Same with POP products. They just don't make sense for certain pedagogical applications anymore, which is one of the reasons why all of us textbook publishers are scrambling to provide electronic ancillaries, to supplement the books with what they can't do very well, things like interactivity, rapid searchability, that kind of thing.

That doesn't mean technology will kill textbooks, it just means that the way we develop and present textbooks, and the way we link them with technology, will change. It HAS to change, the market is demanding it.

And we'll do it, we'll change.
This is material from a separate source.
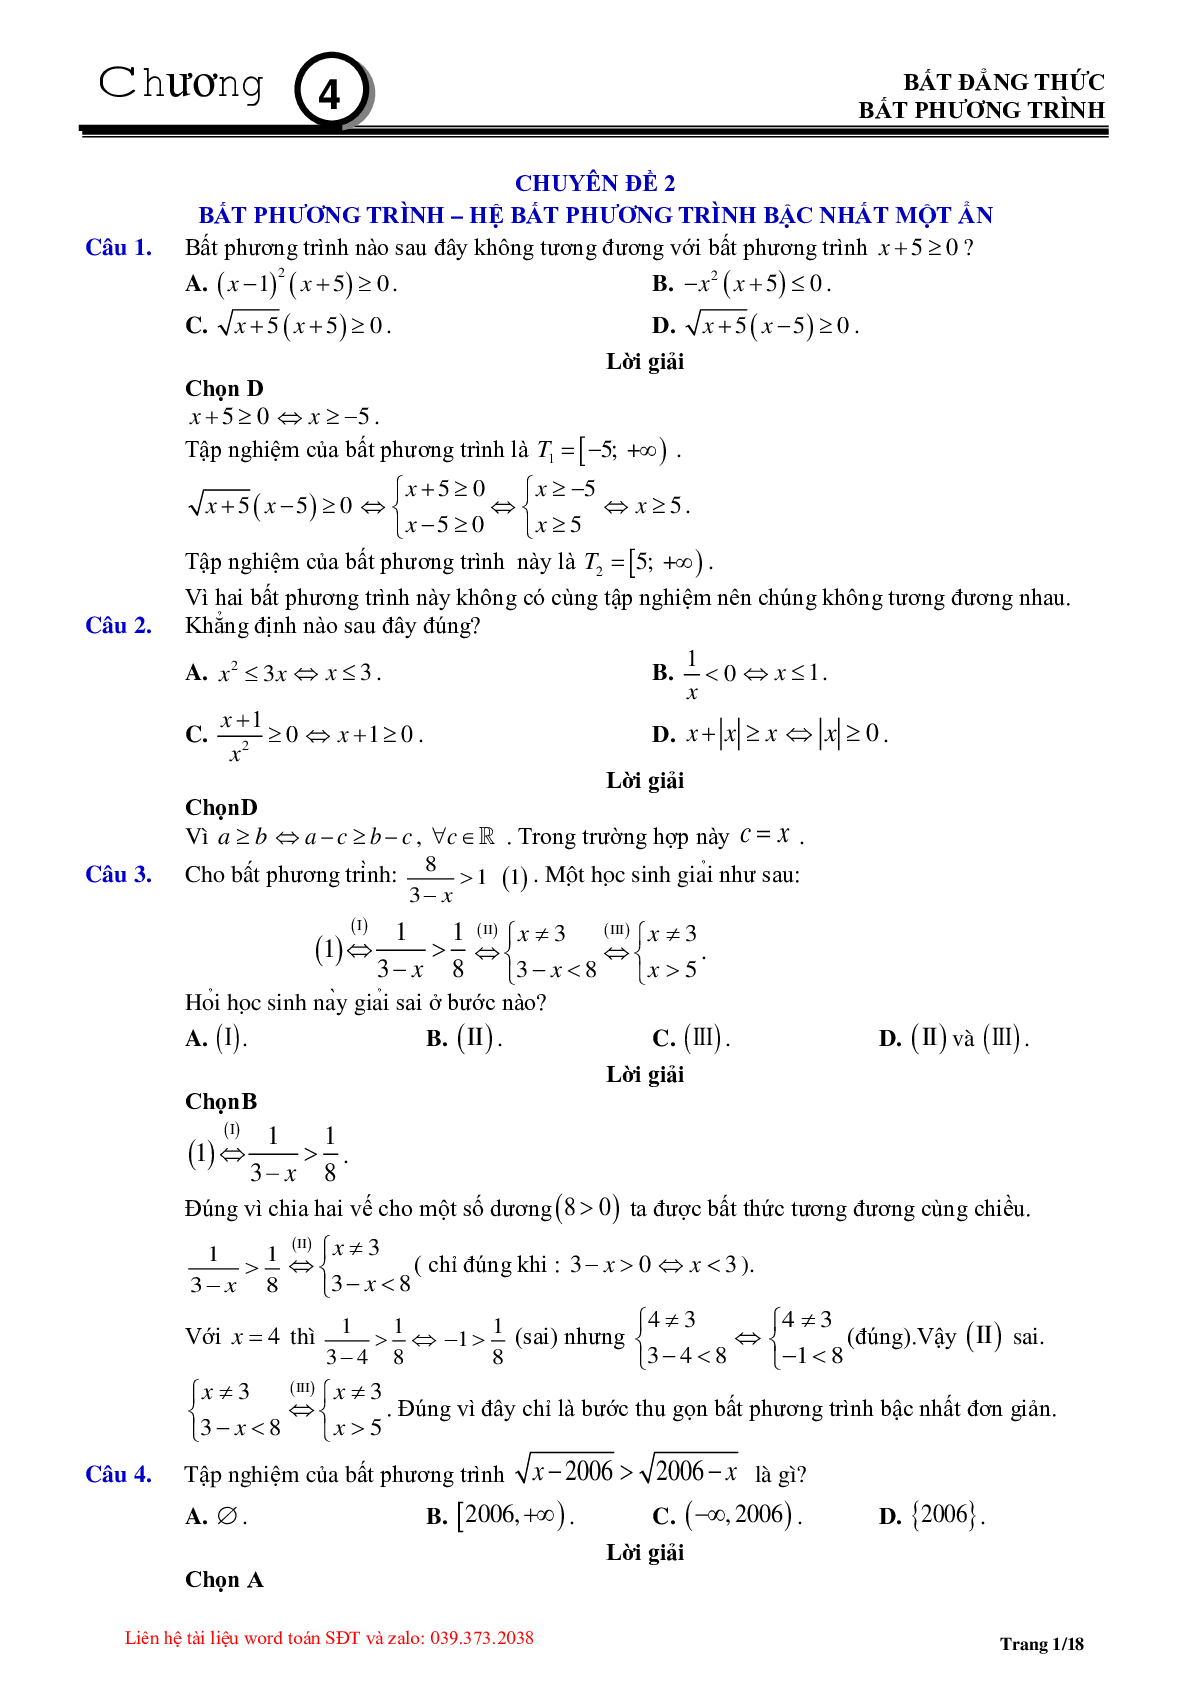 Chuyên đề bất phương trình, hệ bất phương trình bậc nhất (trang 1)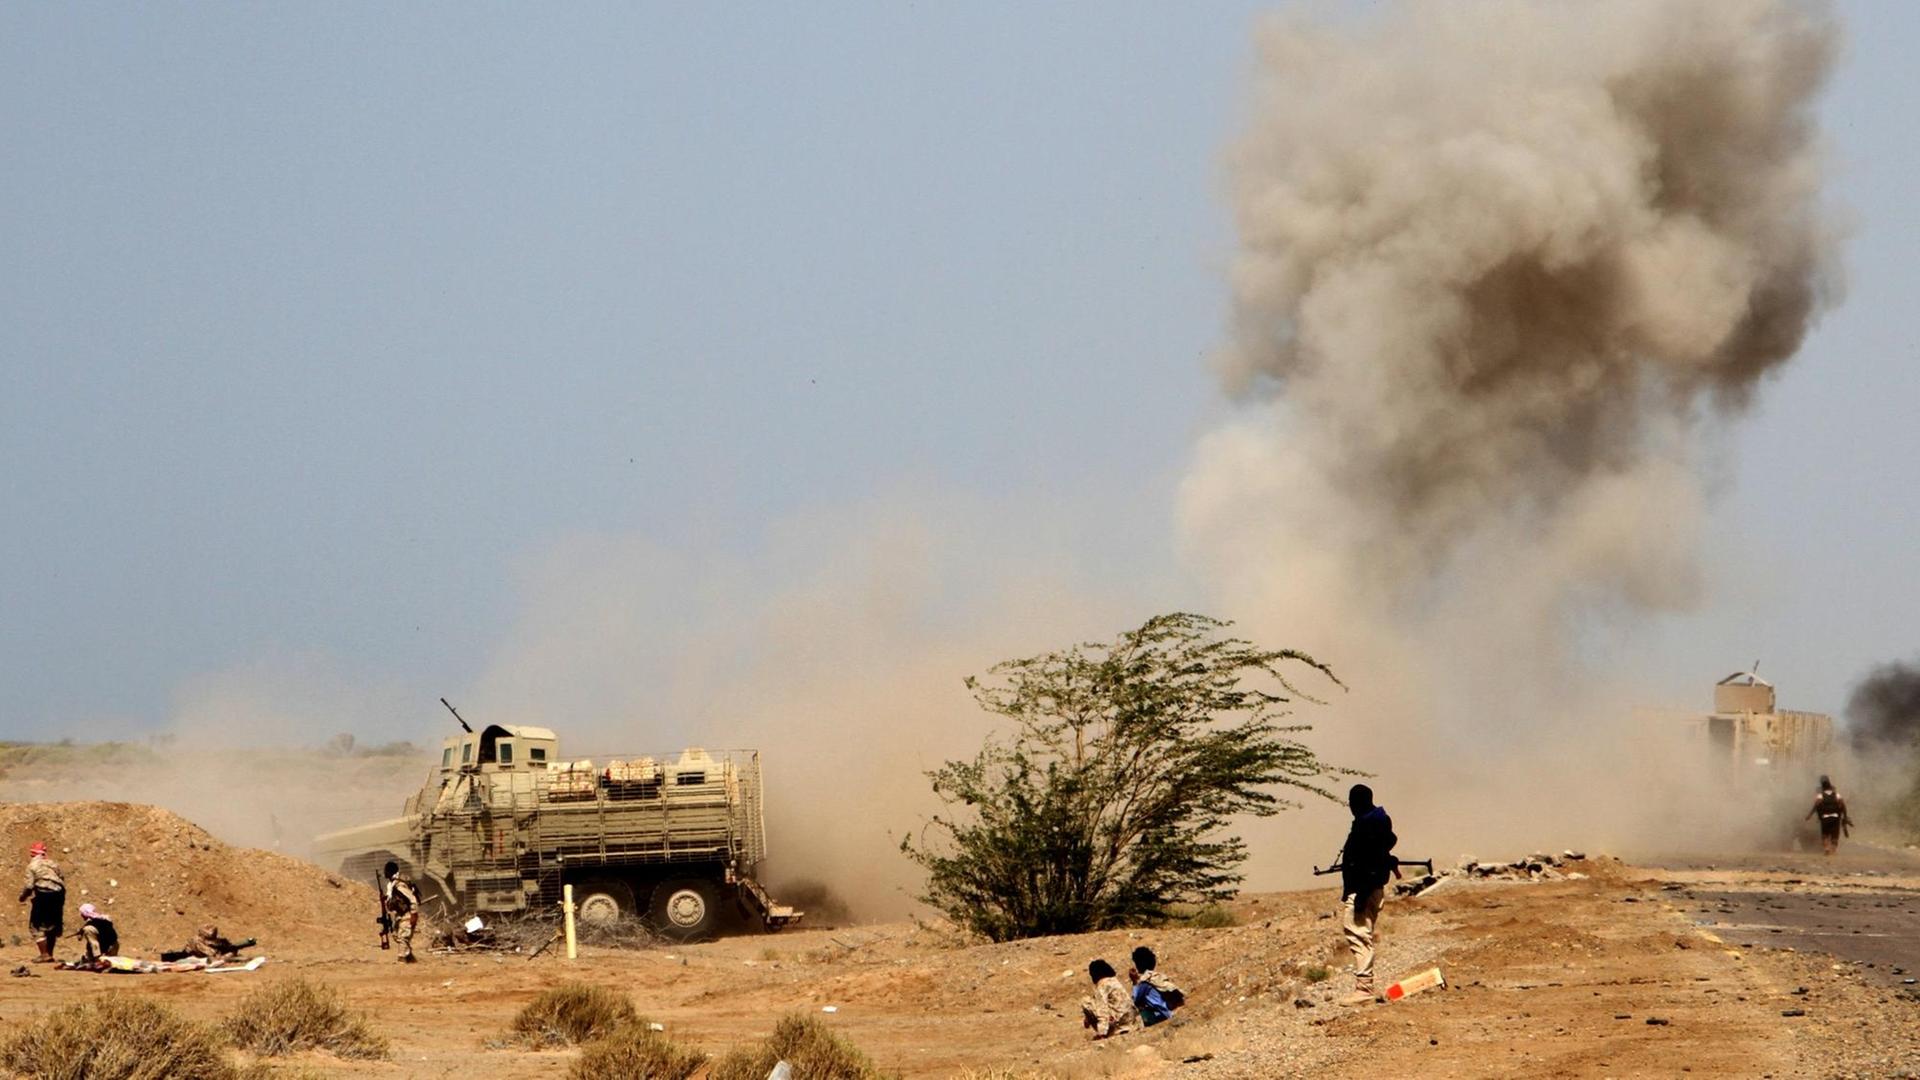 Eine Landmine im Jemen explodiert, eine Rauchwolke steigt auf, im Vordergrund ducken sich Menschen.

Actually we already are, and we'll continue to adapt to the technologies and we'll continue to sell paper textbooks because they offer things e-books can't.

More on that to come…

Friday, December 18, 2009

Fear and Language Changes

Lots of factors drive changes in a language. New technologies is a key factor nowadays. Laziness, in a way, accounts for some changes too, contractions being a prime example. But sometimes fear does it too.

I've been noticing the last few years an overwhelming number of otherwise intelligent people who use "more" instead of adding "-er" to a word. For instance, I've heard "more clean" instead of cleaner, "more firm" instead of firmer, and even "more funny" instead of funnier. I've also seen these kinds of phrases in printed media, from ads to blogs to newspapers and magazines. And don't even get me started on the number of news anchors and other TV personalities who do the same thing when speaking off the cuff.

It seems that people have become so reluctant to take a crack at the correct -er word that they automatically shift to the more construct. Do these people not read? Did they attend lousy schools? Did they have teachers who didn't know the difference themselves? Or did they, as I think might be the case, struggle with learning the -er words and, on top of that, have teachers and parents who corrected them so often that they just gave up, deciding to use the more construct, regardless of what they think the correct one is?

I don't know, but I'm wondering whether this observation is an indication of a shift in our language toward the more construct in all cases. Hmmmm.